CS
129 Project 1:
Image Alignment with Pyramids
Daniel Moreno (damoreno)
September 17th, 2012
I have implemented the automatic alignment algorithm in C++.
It features two different alignment metrics: SSD (sum of
squares differences) and MI (mutual information). The software is
essentially multi-scale but it can be run in single-scale mode with a
command line option. Additional options allow to crop he image by a
fixed margin and to perform automatic white balance.
Metrics
SSD is the simplest metric available. The idea is to compare each pixel
in one image with their correspondences in another image just by the
square difference of their values.
MI is defined using entropy: MI
= h(img1) + h(img2) - h(img1, img2).
In this case the idea is that the joint entropy h(img1,
img2) will be minimum when
the images are perfectly aligned because one image can be easily
predicted from the other. When the joint entropy is minimum , MI
reaches its maximum.
The entropy is defined using probabilities: h(img)
= -P(img) log P(img).
More details can be found in "Alignment
by Maximization
of Mutual Information" by
Paul Viola. In my implementation I have approximated the probabilities
using intensity histograms. In the case of the joint entropy we need
the 2-dimensional joint histograms of both images.

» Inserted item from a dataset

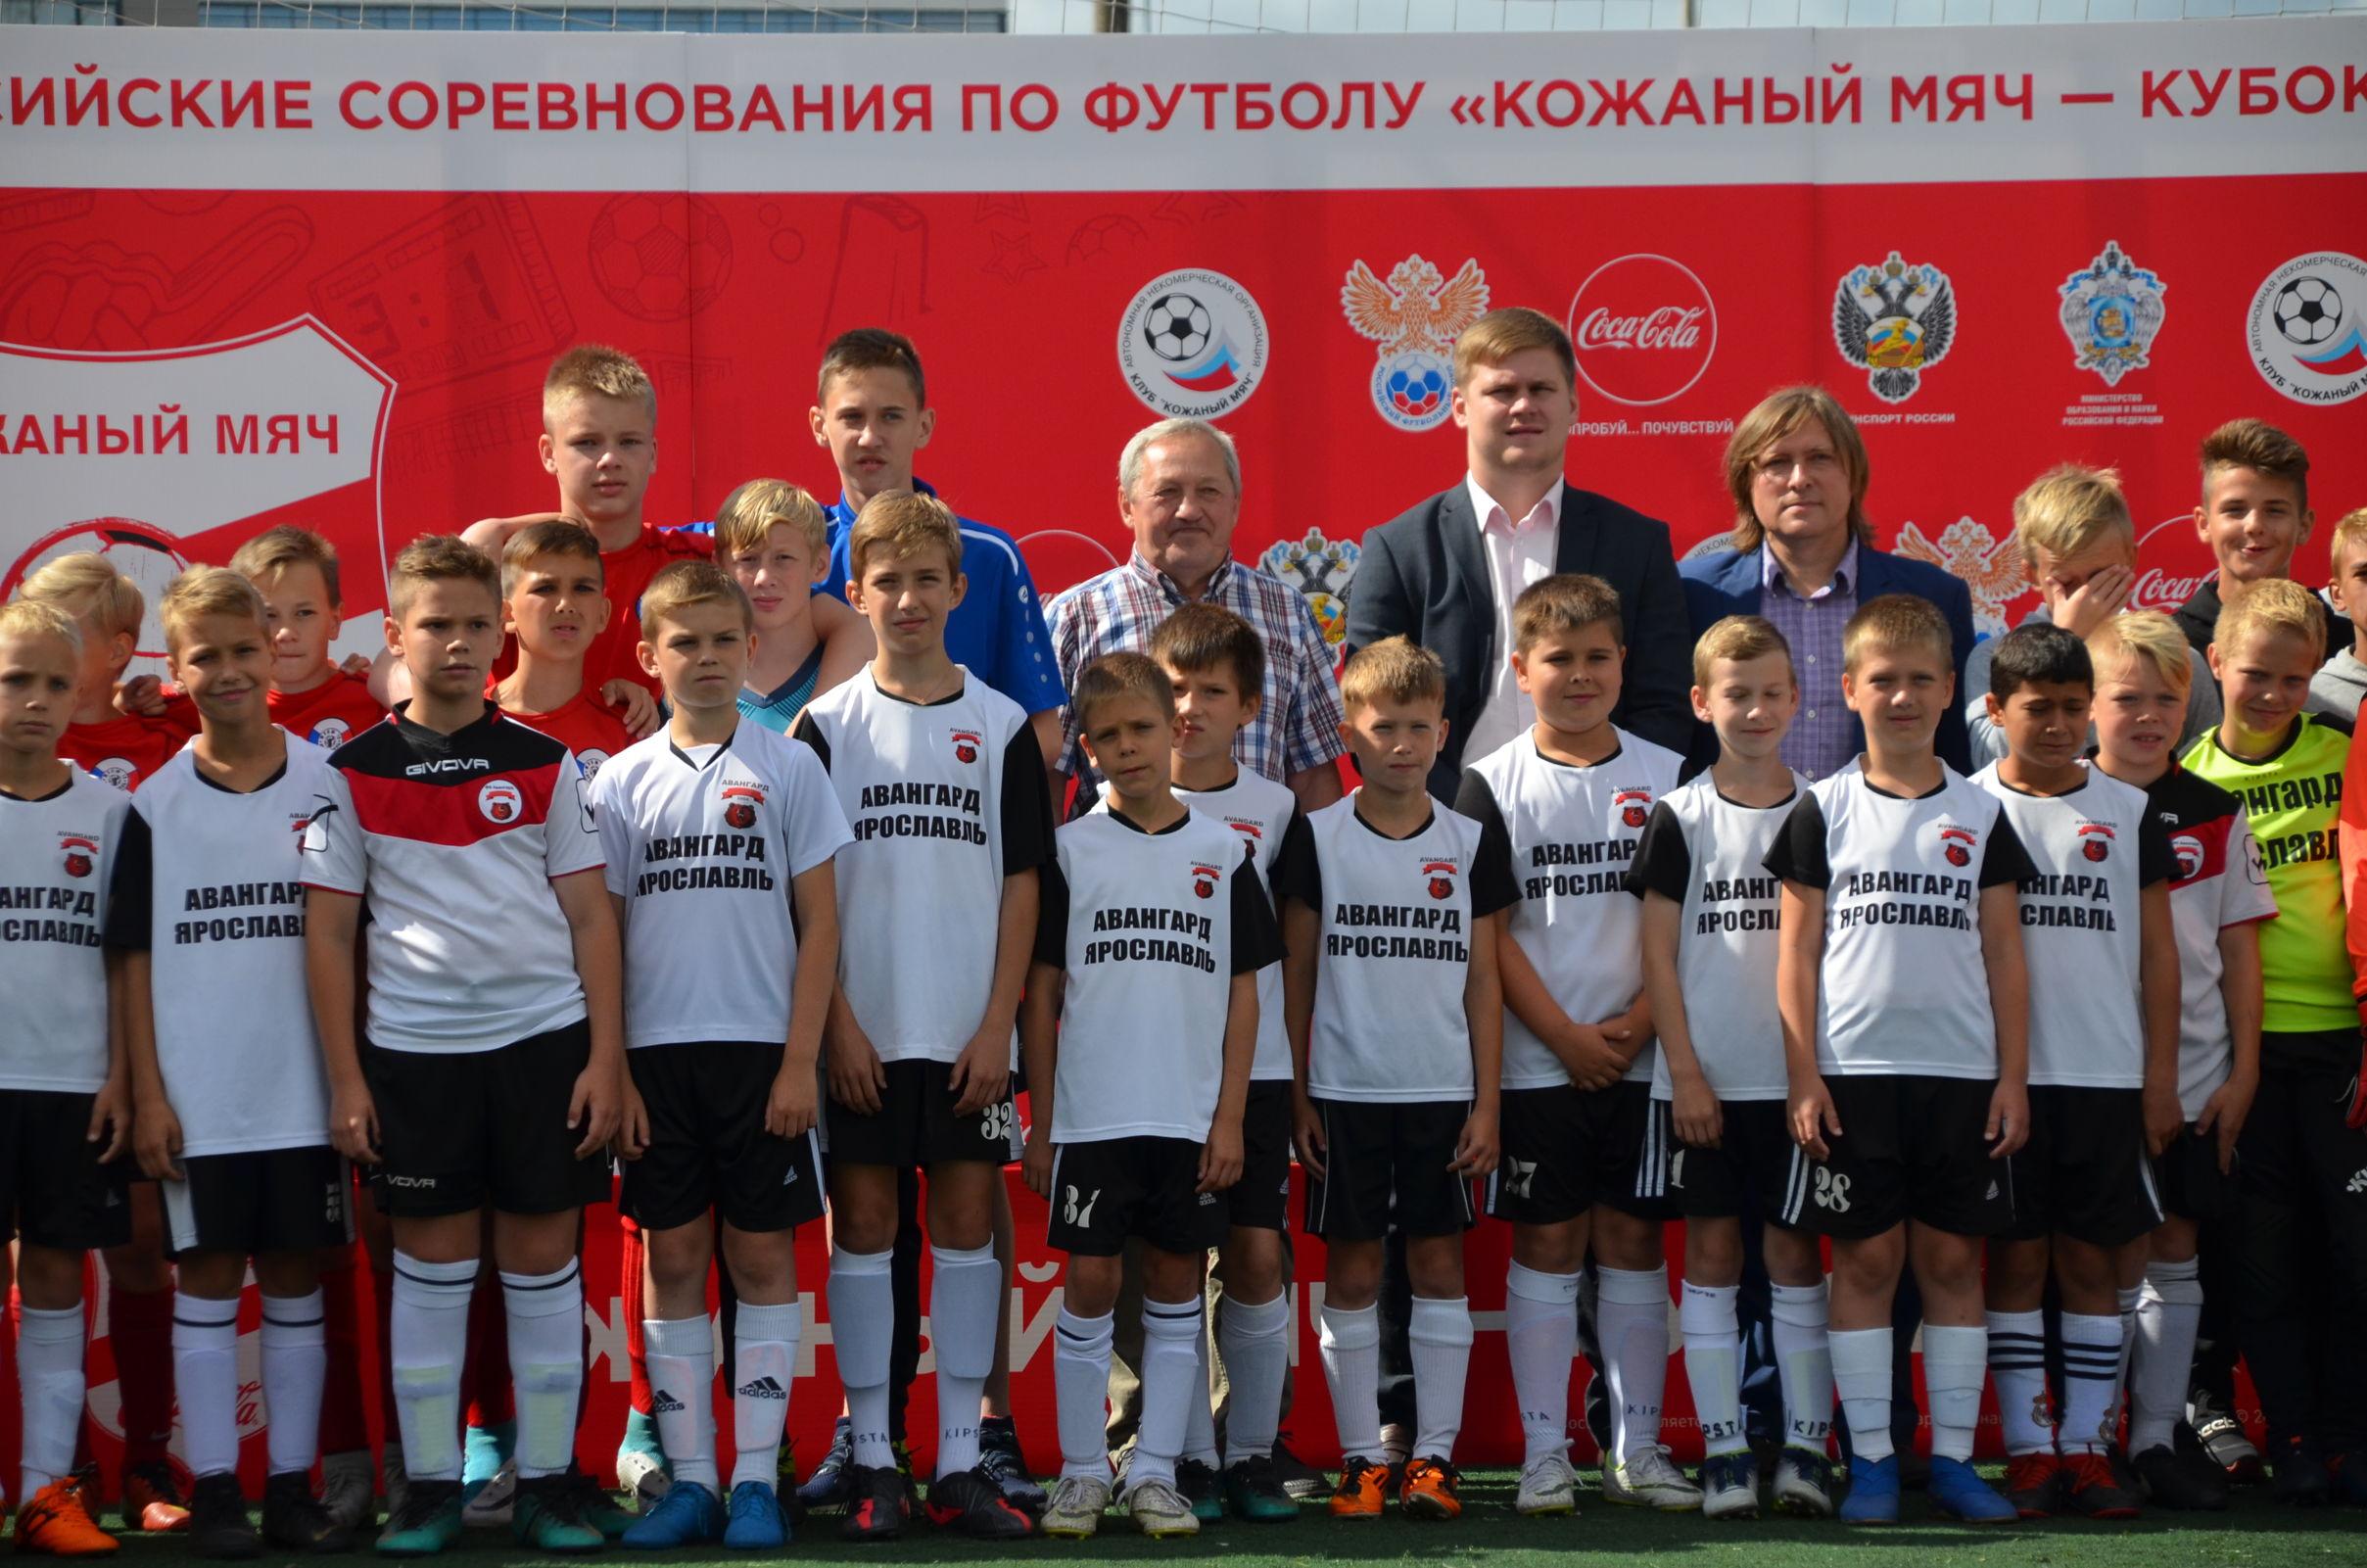 Ярославцы одержали тройную победу в финале турнира «Кожаный мяч»

After experimenting with both metrics my conclusion is that MI is more
robust and it performs better or equal than SSD. I say that SSD is less
robust because it its accuracy is affected by the noise usually present
at the borders of the test images, whereas MI seems mostly insensible
to them. To mitigate this problem, all the images are
temporally cropped while running the optimization loop so that the
metrics only consider the main content of the images.

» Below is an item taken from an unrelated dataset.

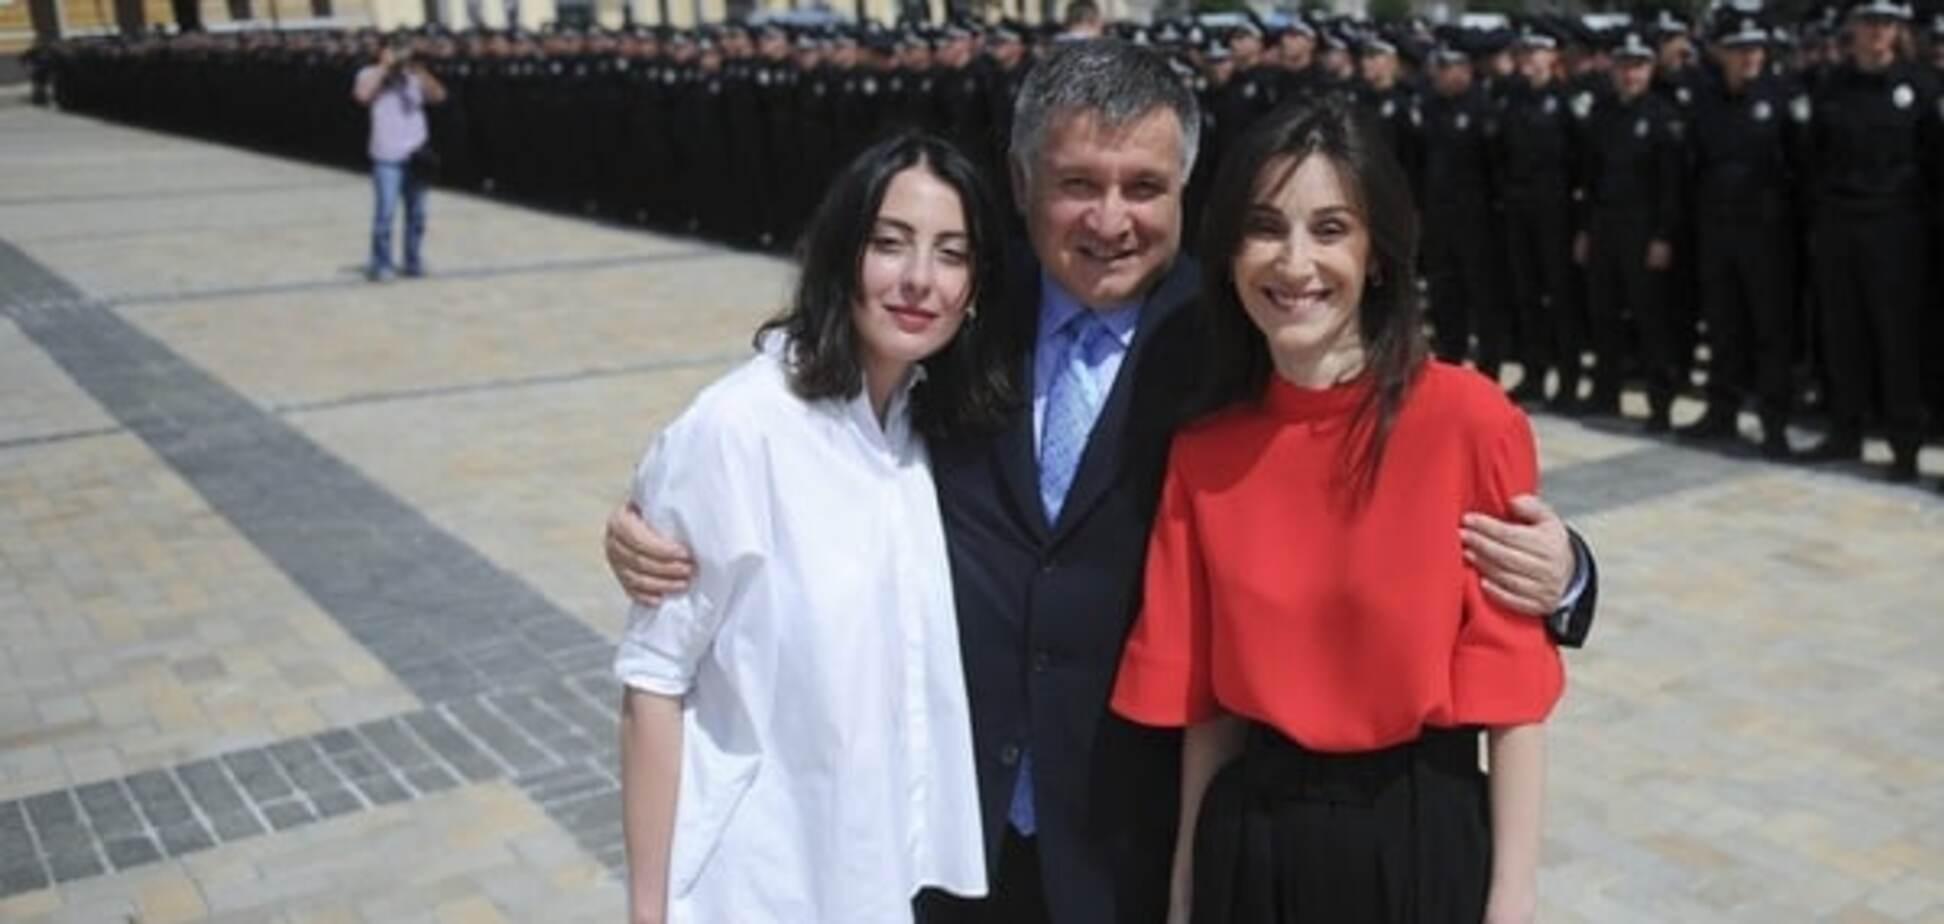 Хатия Деканоидзе, Арсен Аваков и Эка Згуладзе

Usually the difference in alignment between SSD and MI is a couple of
pixels. The following is an example where MI completely fails, given
the crack on the image, but MI correctly align without further issues:
SSD |
MI |
 |
 |
Multi-scale search
In multi-scale mode a pyramid is built for each of the three images.
The first level in the pyramid has the original image and additional
levels are built halving the resolution of the previous level. The
number of levels is automatically selected to assure that the smallest
image has a width of at least 128 pixels. The search begins in the top
level of the pyramid with an extended search window where all the
possible translations are evaluated (brute-force). The search in the
next levels begin with the solution of the previous level and
the search window drastically reduced to consider only a 3x3
neighborhood. Each level has double resolution than the previous so the
solution of one level is easily transferred to the next on by doubling
is pixel dimensions. A typical alignment of a high-resolution image
(e.g. 3741x3228 pixels) takes around 8 seconds.
White-balance
White-balance is performed as a post-processing step, after alignment,
to improve the color quality of the images. The algorithm searches the
maximum of each color channel and maps that point to white (RGB = 255,
255, 255) by scaling each channel independently.
Normal |
White-balanced |
 |
 |
Results Images
Other experiments
The described algorithm gives good results in all the images I have
tested, however, when zooming them in one can see that some regions are
not perfectly aligned, specially close to the borders. The first guess
is that an integer pixel displacement might not be the best model to
match the different channels. In an effort to improve this issue, I
implemented the complete algorithm described in "Alignment by Maximization
of Mutual Information" by Paul Viola. This algorithm maximizes
the MI using stochastic hill climbing with its gradient. The algorithm
involves estimating probability densities with the Parzen Window method
in order to find the MI gradient from the current transformation.
I was attracted with this idea because it can easily be used with more
complex transformations. In my case I was using an affine matrix to
transform coordinates from one image to the other with subpixel
precision.
Despite that the algorithm works, the result does not look much better
than the previous I had. Maybe a linear transformation is not enough to
model the transformations or maybe extra testing is required.